'We want an app' is usually the wrong question. The right one: what behaviour are we enabling? For 80% of small businesses a PWA is cheaper, faster to ship and more effective than a native app. When to choose what — with numbers.
1. What a PWA actually is (no buzzwords)
A Progressive Web App is a website that behaves like an app: installable on the home screen, works offline, push notifications, native-like UI. One codebase for iOS, Android and web. No App Store needed — visitor taps 'Add to home screen'.
2. Cost comparison (realistic 2026 ranges)
- PWA (1 codebase): €8,000–25,000 build · €0–500/month maintenance
- Native (iOS + Android, 2 codebases): €40,000–120,000 build · €1,500–4,000/month
- Cross-platform (React Native/Flutter): €20,000–60,000 build · €800–2,000/month
3. When a PWA is enough (most small businesses)
- Order / book / reserve via your site
- Client portal with invoices, projects, tickets
- Webshop with checkout
- Loyalty program, discount codes, push notifications for offers
- Dashboard for internal workflows
4. When you actually need native
- Bluetooth/NFC/hardware integration that doesn't work via web on iOS
- Continuous background tracking (sports apps, GPS routes for hours)
- App Store as marketing channel (B2C product with search volume in the Store itself)
- Apple/Google Pay native integration in high-volume checkout flows
5. The hidden App Store costs
Native app means: Apple Developer account (€99/year), Google Play (€25 one-time), 15-30% commission on in-app payments, 3-7 day review cycles for every update, and broken app versions on major OS releases (twice a year). PWAs don't have that — push as often as you want.
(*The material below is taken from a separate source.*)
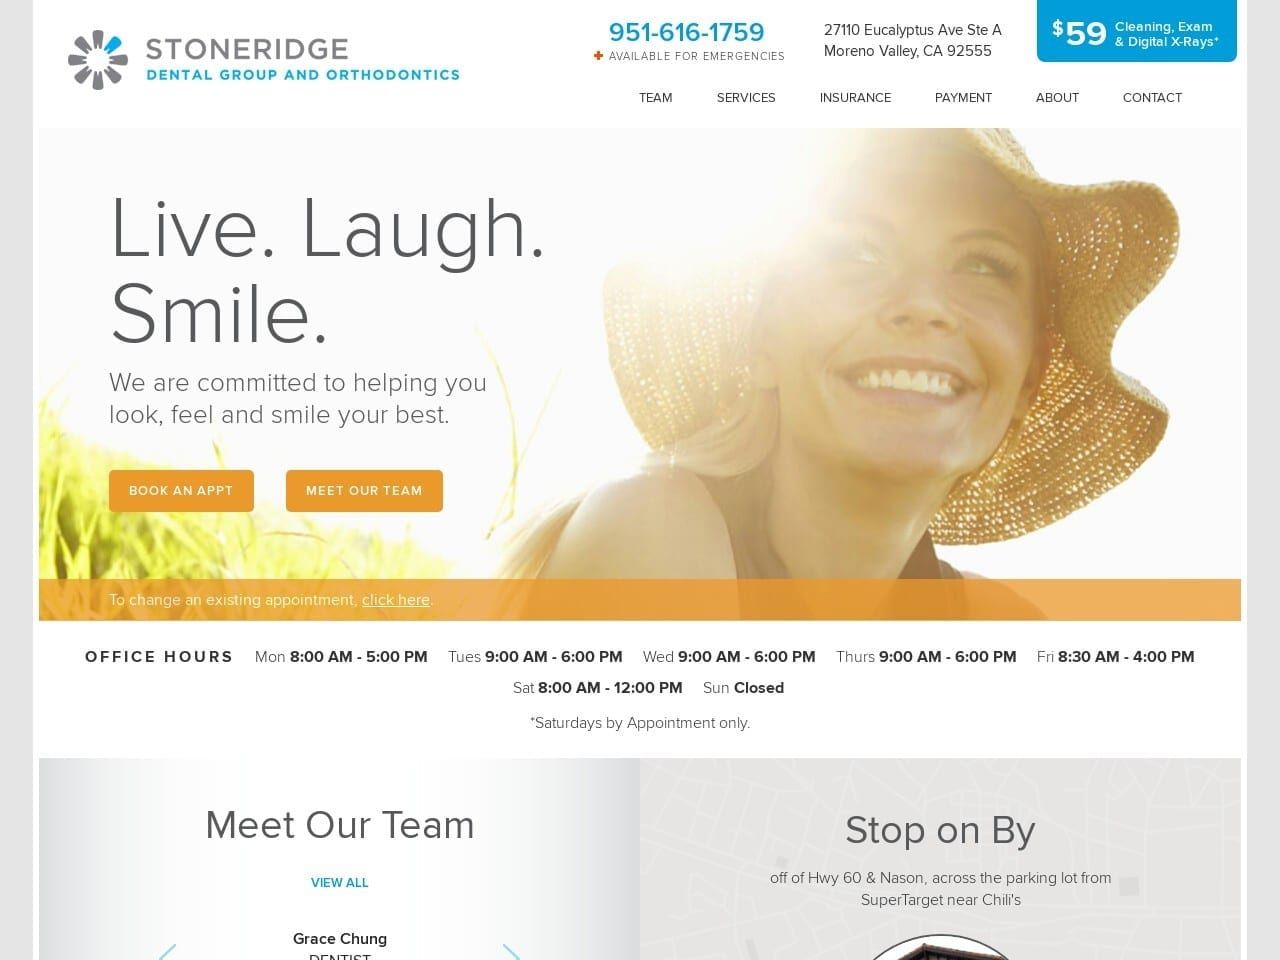 Stoneridge Dental Group and Orthodontics Website Screenshot from stoneridgedentalgroup.com

6. The installation paradox
Many small business owners think 'an app feels more professional than a website.' But 70% of native apps that visitors download get deleted within 7 days. PWAs have no install friction: one tap, no app store, no 50MB download. For small business use that's an advantage, not a disadvantage.
7. How we usually advise
Start with a PWA. Measure for 6 months how often users install it, how often they return, what they miss. If a real hardware blocker or significant App Store demand emerges — then native. Building on gut feeling ('customers want an app') leads to expensive projects nobody uses.